Rodolfo nace en Magangué, en la costa atlántica, en 1946. Inicialmente, conforma un trío y es un
músico nocturno de serenatas y grilles. Luego entra como una voz de complemento en el Sexteto
Miramar. Las fotografías de la época lo pintan como un pequeño don Juan de los trópicos, un
soñador, un enamorado; llegaba en su moto, con sus gafas negras, a las heladerías, en busca de
esas muchachas que salían del cinema o paseaban en la plaza, en las soleadas tardes, llevando la
cinta verde en su pelo, o de alguna compasiva Daniela, muchachas que ya merodeaban no sólo en
sus canciones sino en sus fatigados deseos de melancólicos domingos. Esta meteórica carrera de
lances amorosos y de serenatas terminó una noche cuando desde el balcón de su casa, como en
una ranchera, escuchó cuatro balazos que lo buscaban, sí, a él; era un ofendido esposo que quería
vengar el honor de su mujer con quien el cantante había mantenido relaciones en secreto. Tuvo
que “echarse al monte”; luego, se subió al primer bus que encontró en la estación y llegó a donde
tenía que llegar, a Medellín, la meca de la industria discográfica en Colombia, llegó directamente a
tocar las puertas de Discos Fuentes, esa industria que después él pondría bien alto.

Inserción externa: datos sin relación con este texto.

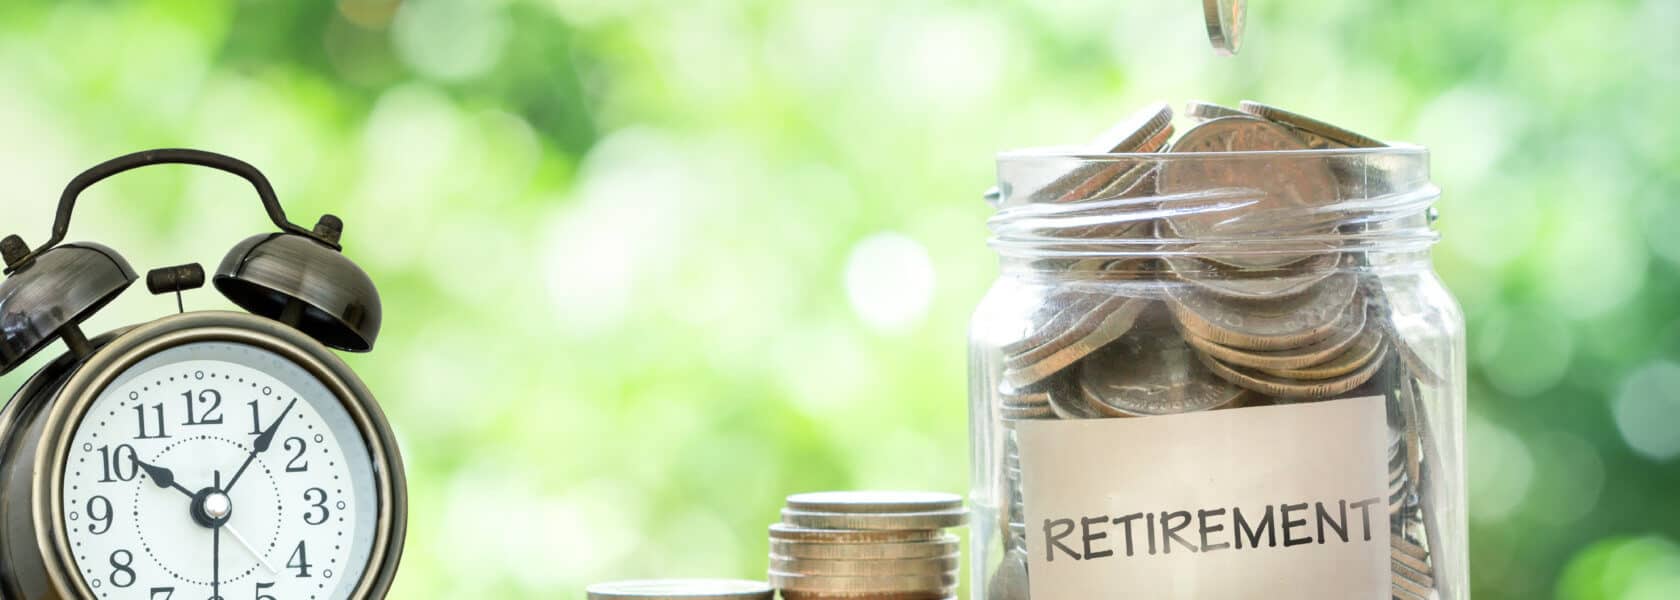 Why You Should Start Saving for Retirement in Your 20s.jpg

Solitario, tímido, romántico, frágil, Rodolfo, igual que Héctor Lavoe, encarnó esa figura del
cantante trágico, salido de las entrañas del pueblo; triunfó con Los Hispanos, Los Ídolos, Los
Bestiales y La Típica R.A7. Siempre lleno de vida – tú eres como un ciclón, ciclón, ciclón,
arrastrando con todo, ciclón, ciclón, arrastrando mi amor, dejándome una herida…- ,en medio de
la alegría y de esa sensualidad y encanto de la cumbia, sabía decir cosas desconsoladoras y bellas,
residuos de tristeza, como si en el baile fuéramos los defraudados que sólo viéramos al Amor en
la soledad y en las copas de vino: ah, Mariana, Mariana, dónde estás mi linda Mariana….Sus
canciones se convirtieron en una pequeña enciclopedia sentimental del alma latinoamericana,
sabía llegar al cielo y así se instaló, en el corazón de Colombia. Pero como todo paraíso tiene su
serpiente, paradójicamente, murió arruinado, económica y moralmente; mendigando sus diálisis,
enfermo y casi ciego, lo vi en la televisión llorando su Paraíso Perdido. Un día un filósofo de un
pueblo me dijo que Rodolfo era el mejor cantante de Colombia; y hoy no dudo en ponerlo al lado
de Carlos Julio Ramírez, Joe Arroyo, Eliseo Herrera (Los Corraleros) o Elkin Ramírez (Kraken).

Sus años dorados habían pasado, y como sucede con los grandes, a medida que su fama iba
creciendo, su vida se iba desplomando; casi entre la caridad pública y la indolencia, expulsado del
Paraíso, fatigado y casi ciego, pasaba sus últimos días, mientras su música, como pólvora de
diciembre, estallaba en las calles, en las despedidas de las fábricas, en las plazas alicoradas y
abarrotadas de gente, en las ciudades de Colombia. Terminó de la manera más triste y
desconsoladora; quizá por una dignidad enfermiza, terminó en el escenario cantando, sentado en
una silla, sin ese vitalismo y esa magia, sin ese misticismo que parecía que estuviera rezando, pero
allí estaba, casi llorando en medio de su público que quizá por compasión estaba ahí o
simplemente porque era su ídolo. Pero Medellín le hizo justicia, lo despidieron como despidieron a
Gardel; y afuera, en los barrios populares, donde se había batido como un grande, en Aranjuez,
terminó como propio hasta en las comunas de raperos donde los grupos urbanos lo
redescubrieron como parte de ellos; en esas noches de diciembre, de vendedoras de rosas, en
medio de carambolas y balazos; entre obsequios y exequias, entre tazas de nostalgia callejera,
estaba allí, en los amaneceres de las azoteas, hasta las seis de la mañana, hablándoles.